— Жжется, сволочь, — прошипел Власов.
Внезапно браслет начал сползать с руки.
— Ага! — обрадовано воскликнул Власов.
Я дернул руку, браслет соскочил с кисти и остался в руке полковника. По инерции я отлетел к борту. Ударившись спиной о невысокий борт, я перелетел через него и упал в воду. В тот миг, когда я падал, вспыхнула ослепительная вспышка. В мертвенно-бледном свете я отчетливо разглядел злые серые глаза Власова, его озабоченно нахмуренный лоб; растянутые, бледные лица солдат; глупую и довольную улыбку сержанта; попугая, сидящего на его саженном плече, распахнувшего крылья и самозабвенно орущего:
— Пиастры! Пиастры!
Такое бывает, когда вспыхивает магний фотокамеры и яркая белая вспышка на миг останавливает движение и следовательно жизнь, чтобы позже втиснуть мертвый фрагмент — черно-белое фото — в памятный альбом.
Я погрузился в воду и тьма поглотила меня…
…Когда я вынырнул, шумно отплевываясь от воды, никакой пиратской гавани не было. Впереди, объятая алым пламенем, горела дача. Я почувствовал под ногами дно и выбрался на островок. Там стояла покинутая пустая палатка. Я заполз в неё и устало закрыл глаза.
«Золото конкистадоров накрылось. Правительство и банки получат фигу с маслом, а не золото инков и тольтеков. Халявы не будет, бесплатный сыр бывает только в мышеловке, что и требовалось доказать», — думал я и улыбался, прислушиваясь, как ревет пламя охваченной огнем дачи. Где-то вдали завыли пожарные сирены. «Дядя уел чиновников и разведчиков. Спасибо, что и про меня не забыл. Интересно, куда вы, Артур Львович, отправились? Когда мы встретимся?» — я провалился в сон.
7
Дядя смылся, исчез, пропал, лег на дно и затаился, навострил лыжи в неизвестном направлении, сгорел в лаборатории. В последнее предположение не верю… Но оно устроило правительственных чиновников — несчастный случай во время лабораторных экспериментов, где полностью игнорировалась техника безопасности. То есть сам виноват.

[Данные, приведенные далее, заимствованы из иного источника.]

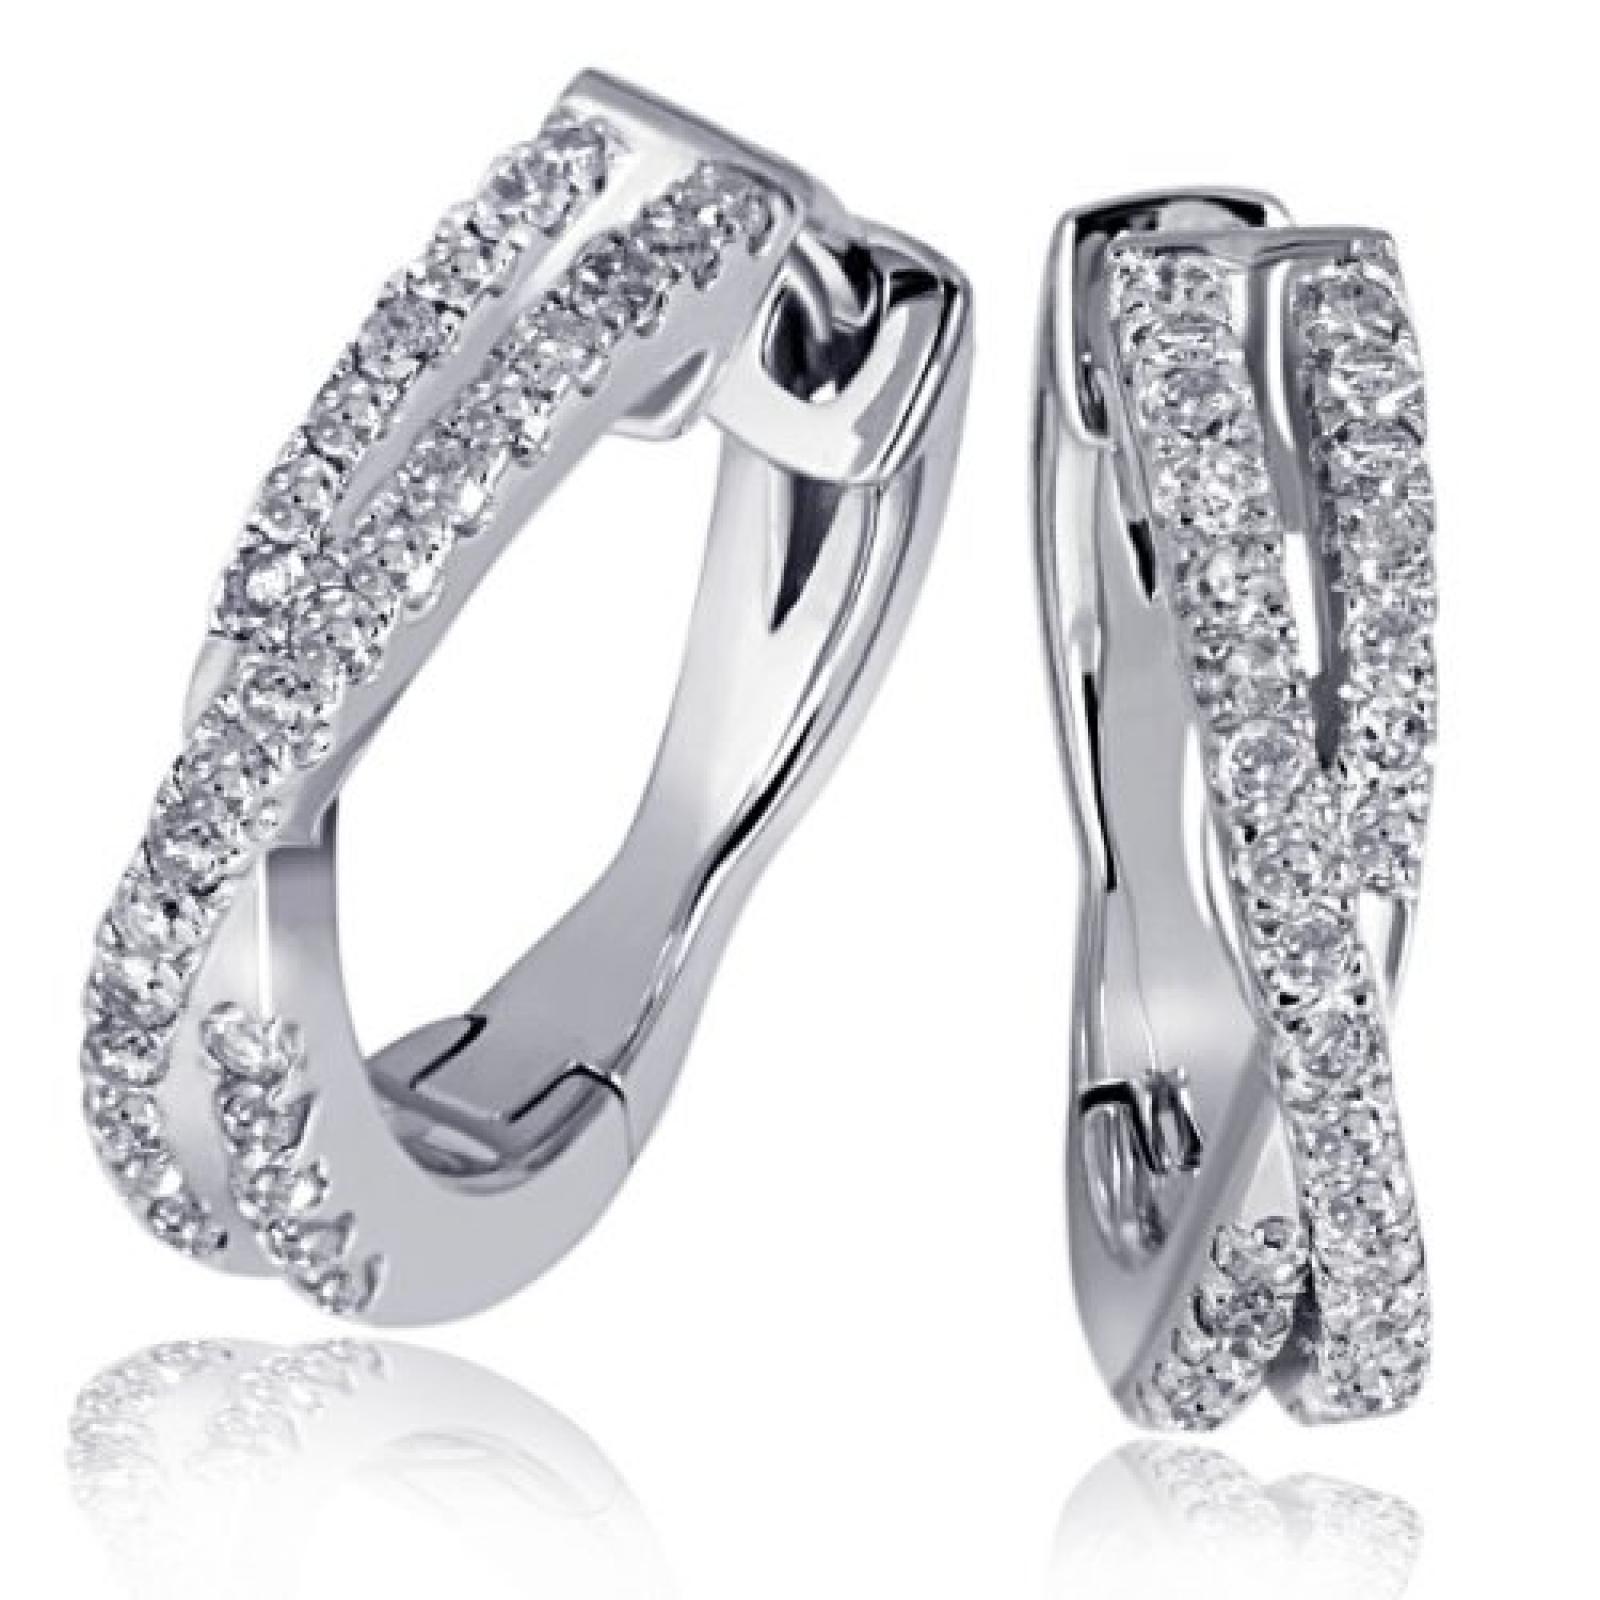 goldmaid Damen-Creolen Linien 585 Weißgold 60 Diamanten 0,24ct 13 mm Pa O5572WG

Власов и его люди сгинули в иномирье. Впрочем, сгинули — сильно сказано, такие люди так просто не пропадут. Думаю, они нашли и получили то, о чем мечтали. Не удивлюсь, если окажется, что Власов стал губернатором Панамы, а сержант заведует Ямайкой и экспортом табака и рома в Европу…
Я вернулся. Вопрос о везении остается открытым — целый год меня мурыжили по всевозможным секретным и несекретным инстанциям, даже больницам, пробовали метод кнута и пряника, глубокого гипноза, надеясь выведать секреты дяди. Конечно, ничего нового про дядю и про его работы никто не узнал. Мои фантастические рассказы пришили к полузакрытому делу и превратили в суровую прозу.
Коммивояжер — Зубрик Валентин Самуилович — любил, встречаясь со мной, повторять, что истина где-то рядом. Может, оно и так, только попробуй рассмотри её, такую маленькую. Ни специальные комиссии, ни напичканные в меня новейшие стимуляторы и наркотики по развязыванию языка и переплетению мозговых полушарий, ни профессор Любомудров не смогли разглядеть и отыскать спрятанную во мне истину.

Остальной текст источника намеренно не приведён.